WHAT TO PRODUCE: Quote exactly the lines spanning from the top of the data below to the line that contains "Johanson Design /", including both.

Data extracted from a collection

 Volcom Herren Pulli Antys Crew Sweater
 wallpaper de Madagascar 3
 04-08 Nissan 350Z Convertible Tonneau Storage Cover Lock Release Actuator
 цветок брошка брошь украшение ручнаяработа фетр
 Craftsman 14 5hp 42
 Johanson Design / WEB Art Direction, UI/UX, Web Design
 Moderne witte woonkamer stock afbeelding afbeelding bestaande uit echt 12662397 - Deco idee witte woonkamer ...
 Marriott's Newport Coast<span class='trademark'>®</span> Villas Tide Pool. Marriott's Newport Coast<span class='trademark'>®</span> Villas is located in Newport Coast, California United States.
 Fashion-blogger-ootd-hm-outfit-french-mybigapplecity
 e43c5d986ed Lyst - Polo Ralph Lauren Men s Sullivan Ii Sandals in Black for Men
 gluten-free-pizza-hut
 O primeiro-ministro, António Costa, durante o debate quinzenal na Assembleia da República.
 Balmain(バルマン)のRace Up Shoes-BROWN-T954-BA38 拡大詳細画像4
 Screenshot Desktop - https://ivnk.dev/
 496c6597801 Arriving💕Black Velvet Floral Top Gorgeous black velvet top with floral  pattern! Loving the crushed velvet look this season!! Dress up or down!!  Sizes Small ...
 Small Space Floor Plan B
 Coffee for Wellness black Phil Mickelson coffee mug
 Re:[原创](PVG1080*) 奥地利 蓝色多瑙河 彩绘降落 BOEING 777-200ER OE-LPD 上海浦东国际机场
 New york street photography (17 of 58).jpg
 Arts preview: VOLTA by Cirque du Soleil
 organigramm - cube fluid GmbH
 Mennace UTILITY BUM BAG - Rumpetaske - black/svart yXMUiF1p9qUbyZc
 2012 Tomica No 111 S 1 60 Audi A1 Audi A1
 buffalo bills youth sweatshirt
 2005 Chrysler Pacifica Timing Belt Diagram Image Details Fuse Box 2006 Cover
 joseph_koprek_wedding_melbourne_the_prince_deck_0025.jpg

ANSWER FOR THE TASK:
 Volcom Herren Pulli Antys Crew Sweater
 wallpaper de Madagascar 3
 04-08 Nissan 350Z Convertible Tonneau Storage Cover Lock Release Actuator
 цветок брошка брошь украшение ручнаяработа фетр
 Craftsman 14 5hp 42
 Johanson Design / WEB Art Direction, UI/UX, Web Design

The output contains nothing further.